Best wishes for an inspiring 2008,

Melanie Greene

You & Your Inner Critic: who is in the driving seat?

What is an inner critic? – From discussing the inner critic with a wide range of people it seems that some are not even conscious of the negative voice within their heads, which is constantly berating them, or they are only aware of the affects on themselves and their lives. For others they are more than aware of the constant chatter but are unable to stop the incessant nagging. And I meet the occasional few who say they don’t have an inner critic – they seem to be in a very small minority!

Are you aware of a negative inner dialogue? What form does this dialogue take?

When is it at its worst? Does it ever keep quiet?

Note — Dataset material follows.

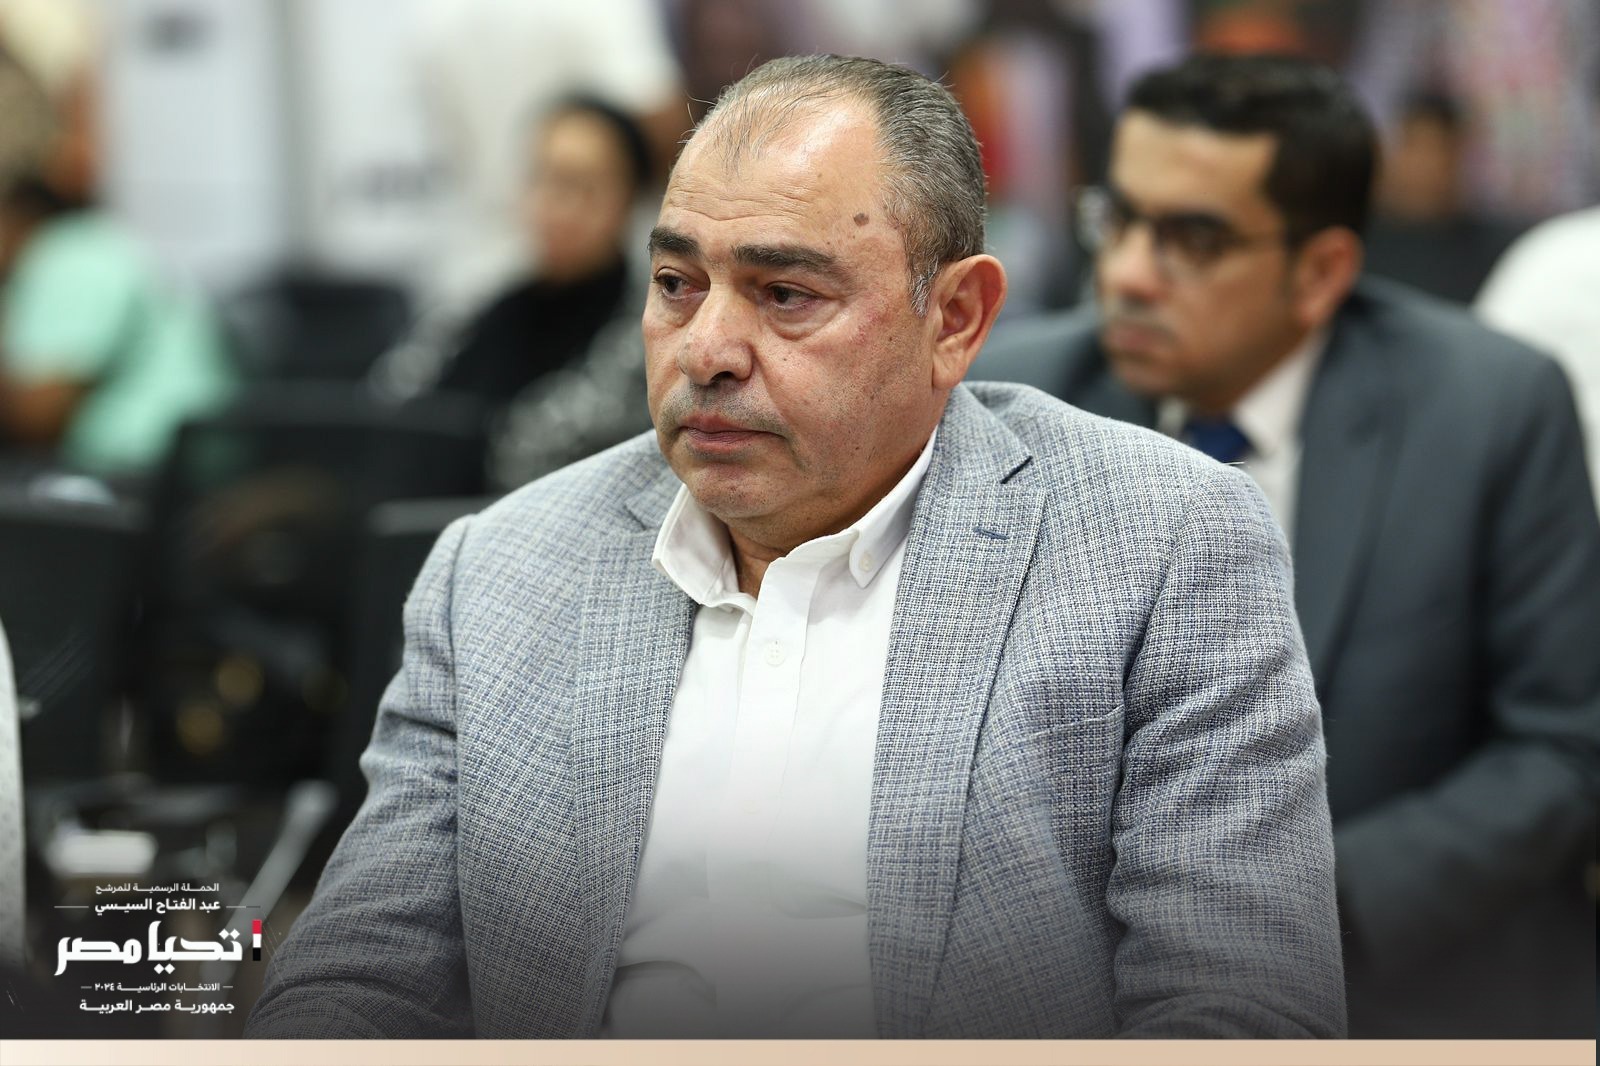 حملة المرشح الرئاسى عبد الفتاح السيسى تستقبل الاتحاد المصري لجميعات ومؤسسات المستثمرين (32)

What are the affects of it? – Through recent discussions on workshops and talks I have given on the topic, it seems that our inner critic can affect people in many different ways:

  • Undermining confidence especially in difficult situations, when making important decisions or communicating with more senior people

  • Increasing stress levels either because people doubt their competence or they are overly anxious about their ability to perform and cope with the pressures that they face

  • Stopping people from going for their dreams and goals, because they think they are not good enough or won’t be able to cope

  • Reducing satisfaction and enjoyment at work and in life – as the inner critic can often ruin any sense of satisfaction by always focussing on what still needs to be done or what could have been done better

  • Increasing a sense of failure, guilt and general dissatisfaction from the incessant negative dialogue

  • Spending so long beating themselves up when they make mistakes, resulting in no time or energy left to learn from the mistakes.

There can be some positive side effects for some people, although as they are achieved through the inner critic, the downsides usually outweigh the positives:

  • Ensuring that they don’t make mistakes by being overly cautious

  • Spurring them on to succeed – either to prove their inner critic wrong or because they fear failure and what that might bring in terms of berating by their inner critic

What is the affect of the inner critic on your life or on others around you? Do you experience any positive side affects?

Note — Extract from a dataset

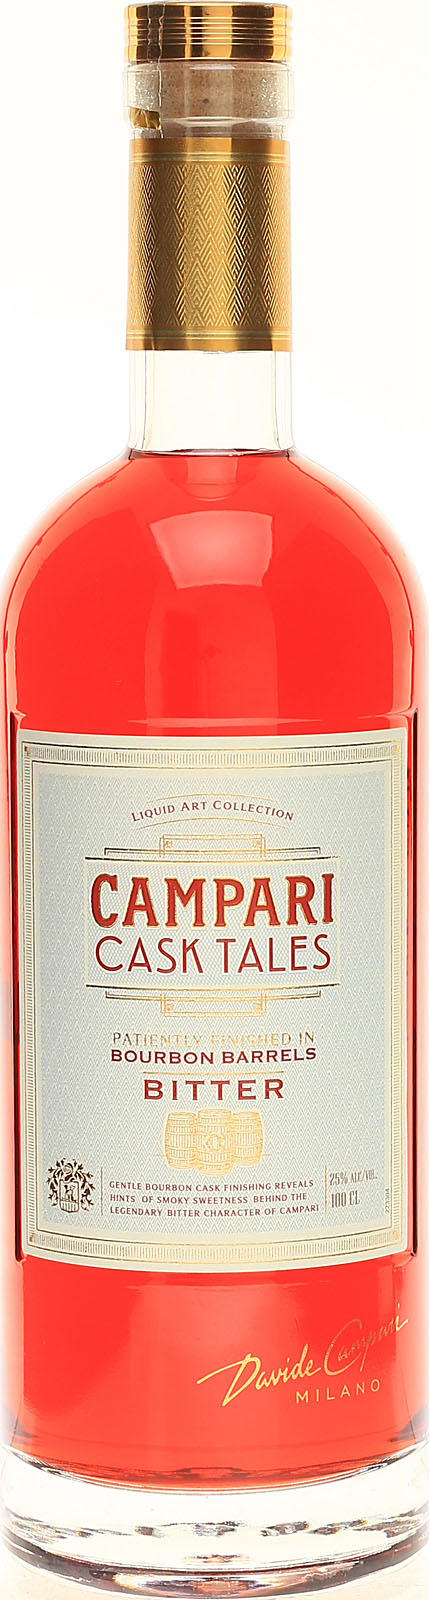 Campari Cask Tales 1,0 Liter 25 %

What can you do to master it? – Buy my book, come on one of my workshop or get some 1:1 coaching with the author herself!!! Joking aside there are many practical things you can do to change the habit of a lifetime of beating yourself up and undermining yourself. However for techniques to be successful you need to bear in mind the following points:

  • You need to use the techniques on a regular basis – if you allow your inner critic to berate yourself daily or even hourly, you need to be doing something positive to counteract this on an hourly or daily basis

  • Regular use of positive techniques will create new habits in terms of how you think and behave

  • Support from a trusted friend (peer support is great if you both want to work on it), from a colleague, manager or coach can be very useful to keep you going and help you to see how much you have changed

  • Check in with yourself: how are you first thing in the morning; during your day; at lunchtime; on the journey home; during the evening. Get into the habit of being aware of what is going on within you

  • Reminders – because our negative inner dialogue is so habitual you need to remind yourself to stop and think as you go through your day and week. Put reminders in your diary, PDA, on your computer. A postcard that means something to you strategically stuck in your office or home can remind you to stop and take stock

  • Cut yourself some slack – what you don’t want is for ‘Mastering Your Inner Critic’ to become something else that your inner critic beats you up about eg: ‘You see you are hopeless you are still criticising yourself’, ‘See without me you’ll make mistakes’. So be positive, focus on the changes you do make, rather than any slip ups you have.

NB: The points above can be applied to anything you are attempting to change not just mastering your inner critic. Therefore, if you have made some New Year resolutions you might want to bear them in mind.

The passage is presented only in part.